Francisco Urondo

1930-1976 / Santa Fe

Solicited

Poets were always, effectively, men
of transition, Roberto
Fernández Retamar; because really, my friend, if a poet
doesn't see the transitions leaping
at his sides like eruptions of smoking lava, better
that he ceases to be one,
cedes that perfumed guise to other senses
more perceptive. Baudelaire was a poet
of transition, as was Talero; and Abz-ul-Agrib and Rosario,
who closed the doors to the houses
of tolerance; brothels with cheeses and wines and devil-hams and
the jarana agitating skirts and other flags. The cries and crimes
in atrocious places and untimely moments were poets
of transition; my God, how much
poetry of transition was engraved in the knife used to cut
virginities; how much baptistery has licked
the salt of transition, has fluttered
at the sound of altar boys: Jacopo della Quercia was a man
of transition, even the countess
de Noailles must have written
poetry of transition. And I'm forgetting people,
leaks covered by transitory
patches, by the transiting of the unprepared masses
that go slowly in search of water and transitive
skies. Those yawns, those masses,
are poems of transition, my dear Roberto; those furies,
essentially, these violent methods of walking towards the void-this
time was always plagued-and if there are no
transitions, it will be necessary to signal the end of these hostile
and restless worlds, sound
the trumpets and leave running from the playing field beneath
the thrown rocks-surely-and blown raspberries: it will be, despite
all the years of waiting and warning, a fairly unpopular fact;
a piece of bad news, a little alarmist, like the Apocalypse itself.

On the surface that leaps
over the snow, on the Andean
crease. Starry against the firmness
of the low sky, diluted
like a nameless god, an indirect
air, an empty breeze: emblems
to be heard and explained; responding
to questions and joys.

Find the corners in which it dwelled,
resigned to death all this time
without anyone blowing the ash off the water,
the arcs of the rivers that don't respond,
don't articulate the acts of the end of times.

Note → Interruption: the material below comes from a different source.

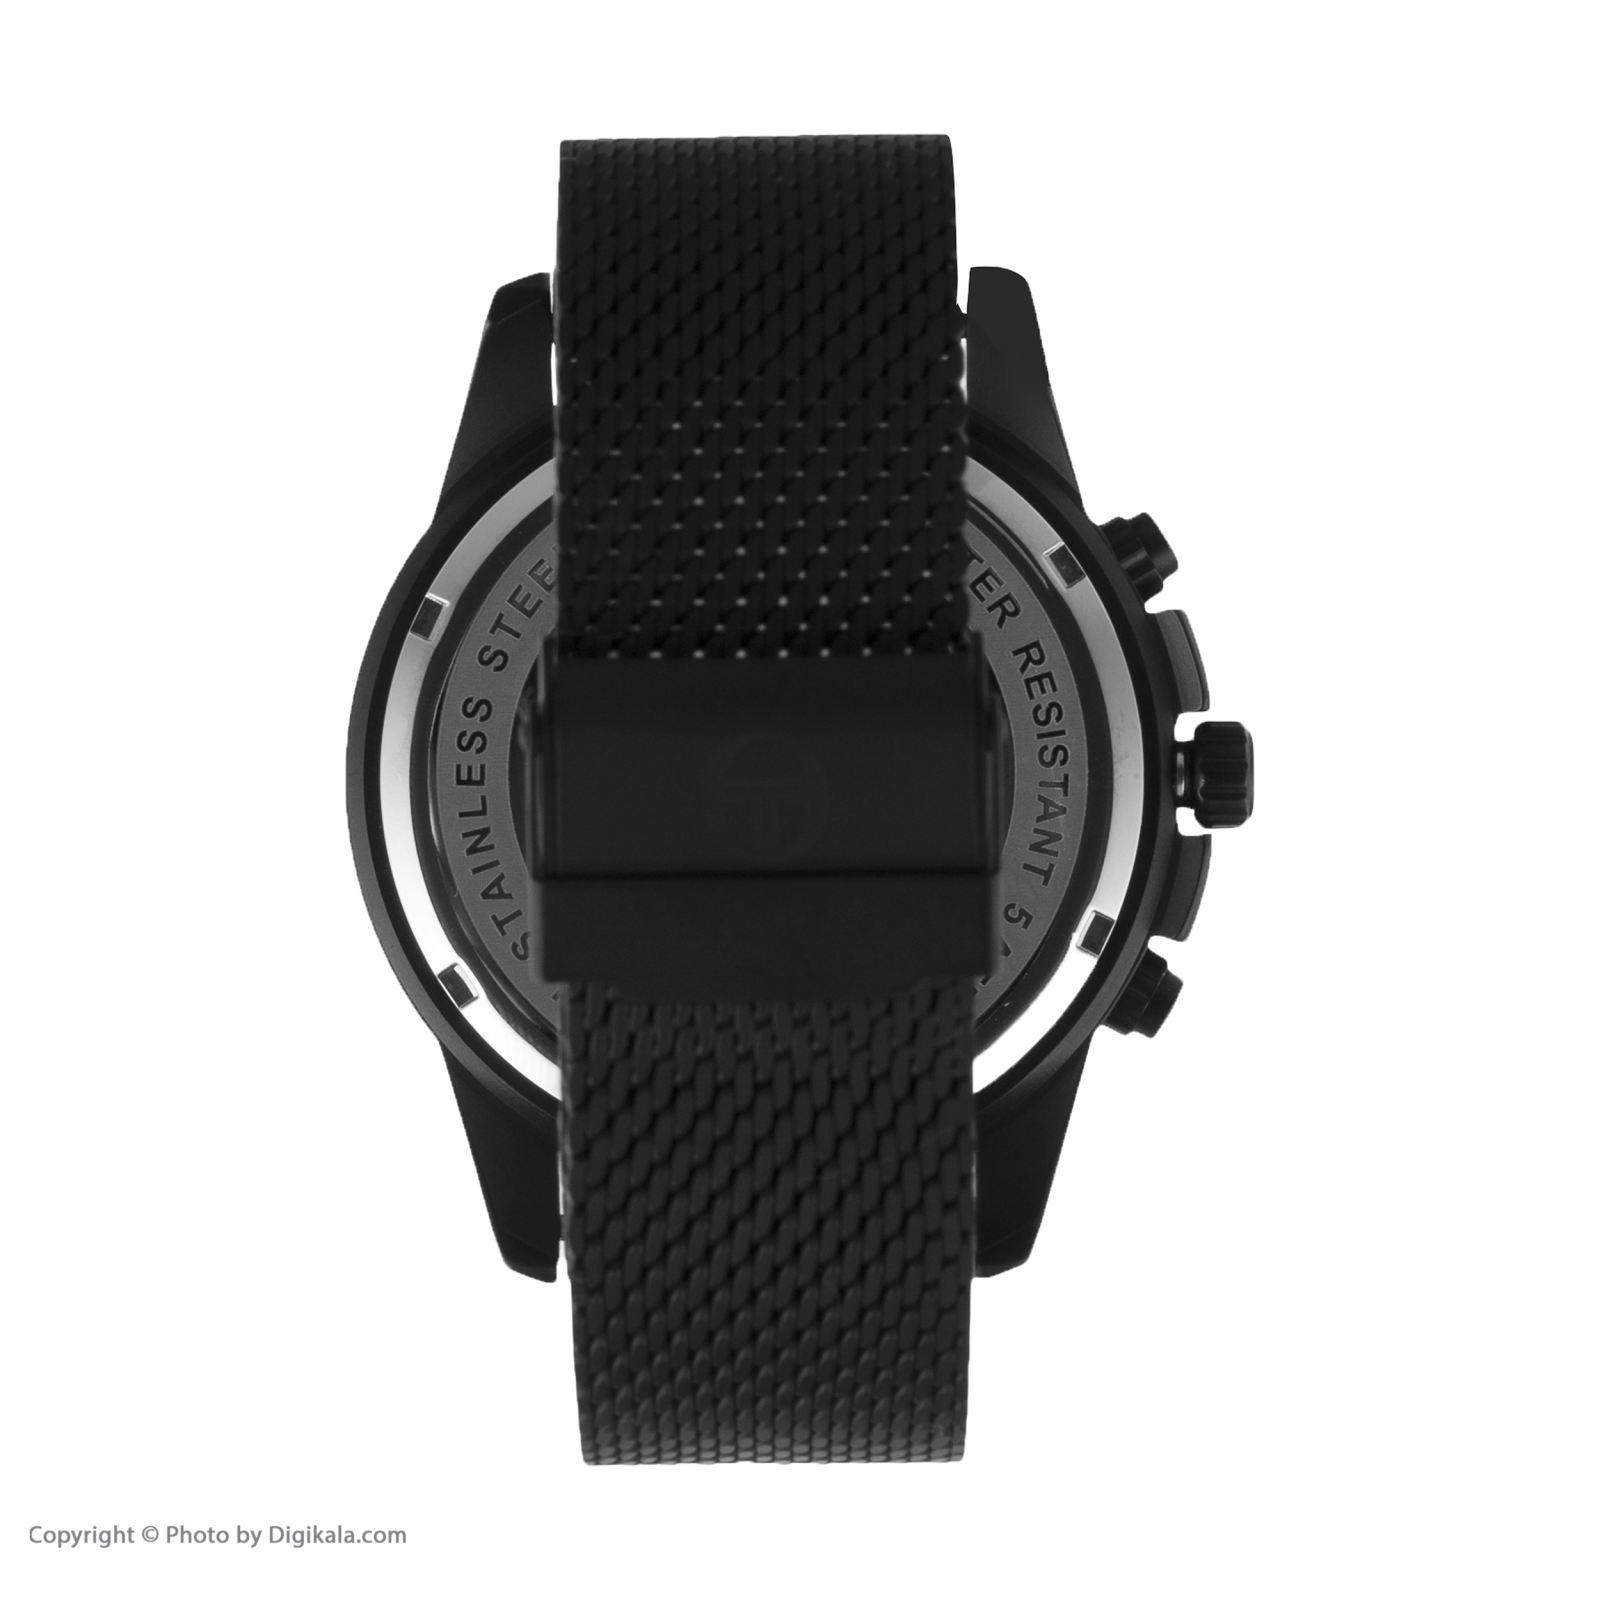 ساعت مچی عقربه ای مردانه سرجیو تاچینی مدل ST.19.109.06 -  - 2

In the harms done and the deaths, in cast-off witnesses
of injustice, blood spread, point-blank
treason-I'm thinking of José, for example, of his
luminous goodness, of the right he had to hope-, I come
to fall across the backs
of these last
words united so they can be resolved.

One single gust of time past,
pronounced syllable by syllable, act by act. In
the commotion, beneath the first clods,
I come to offer the uselessness
of my defeat, to open revenge
over death (that pre-speech, the scream),
a victory wide like the past that will come forth,
like my life which doesn't belong to me
as long as it's foreign-others have appropriated it, to
others I owe it-and common to the bulk of destiny.

That memory, arranger of people, that
signer of the future that waits with arms
open; this life that leaps over my shoulders
to continue its game and its rank. It leaves
behind fatality, also buried like the viceroys,
like disinterred egoism-conjured
in loneliness. Because life-I have seen it-depends
on a thread instructive and generous, closes
the short circuits, makes ovals from imperfect eggs.

In the children of the sun that rises, the marvel
that hides all claws, I caress
the animals preferred by the intact universe, the
splendor of the skin of the metal
that releases the roar of the imagination, the fuel
devoured by good fortune.

And the history of happiness will not
be exclusive, but will belong to all of the quarreling
earth and its air, its back and its profile, its cough and its laugh. I am no longer
from here; I hardly feel I am a memory
in passing. My confidence balances on a profound disdain
for this disgraceful world. I will give
my life so that nothing continues as it is.